— Послушайте, товарищ!

И за рукав трясет.

— Отстань, — говорю, — подобру-поздорову, пока я тебе не въехал как следовает!

А сам нахлобучил на ухо шапку, и опять меня разом затянуло.

Но, однако же, слышу, смеется кто-то:

— И знать ничего не хочет!

А потом твердо так:

— Вставайте, это я, Ленин!

Тут уж проснулся я, сел на нарах, гляжу: мать честная, Ленин!

Вскочил я, винтовку к ноге, вытянулся:

— Виноват! Какие будут приказания?

А сам сквозь землю готов провалиться, сомлел весь, со стыда мучаюсь. Гляжу, у него в глазах искорки так и секутся, и смеется он про себя.

— Ничего, ничего, — говорит, — не пугайтесь. Пока ничего не случилось. — И кладет мне руку на плечо и спрашивает: — Говорят, вам сюда хлеб привезли. Мне бы немного хлеба.

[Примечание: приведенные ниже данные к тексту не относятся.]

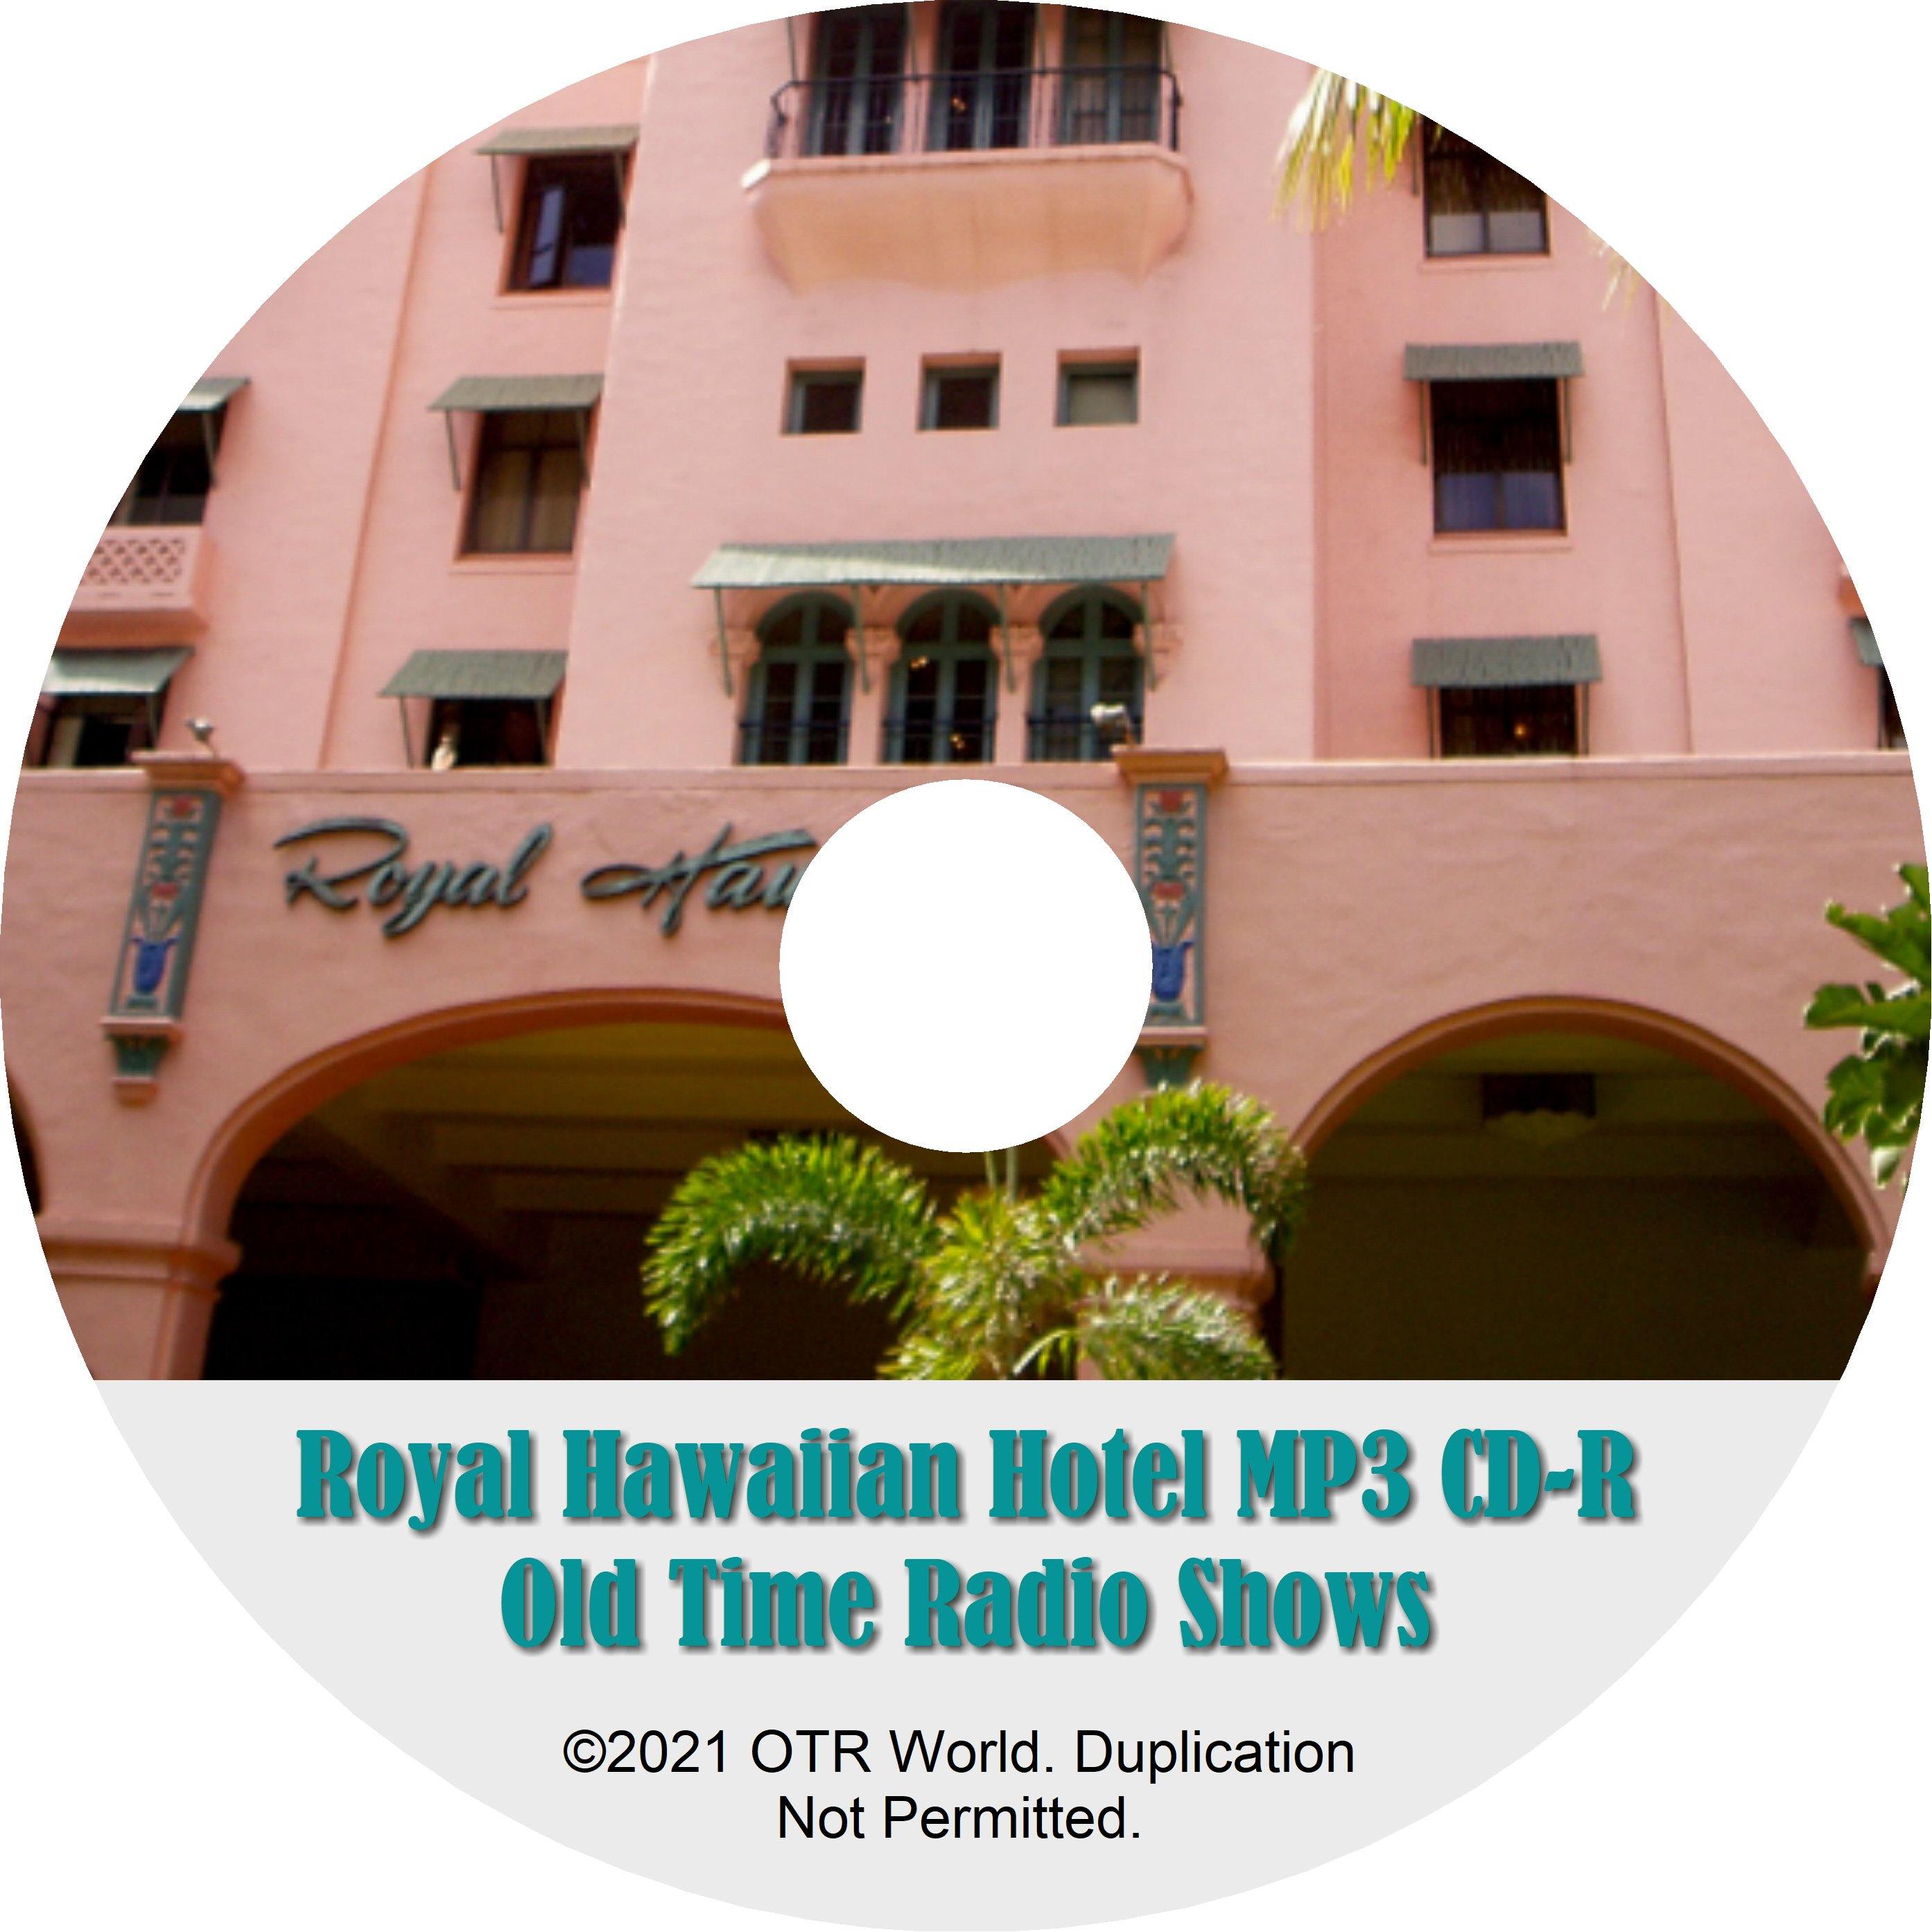 Royal Hawaiian Hotel OTR OTRS Old Time Radio Shows MP3 On CD-R 8 Episodes - OTR World

А нам действительно вечером еще хлеб привезли теплый. С него, видно, меня и разморило.

Я, конечно, скорей в угол, к шкафчику: там у нас хлеб хранился. Схватил кусок фунта на полтора.

— Вот, — говорю, — возьмите. Эх, — говорю, — знать бы если, мы бы вам давеча принесли, теплый был.

Он взял хлеб и говорит:

— Благодарю. Но все же, товарищ, спать не полагается: время теперь тревожное.

С тем и ушел.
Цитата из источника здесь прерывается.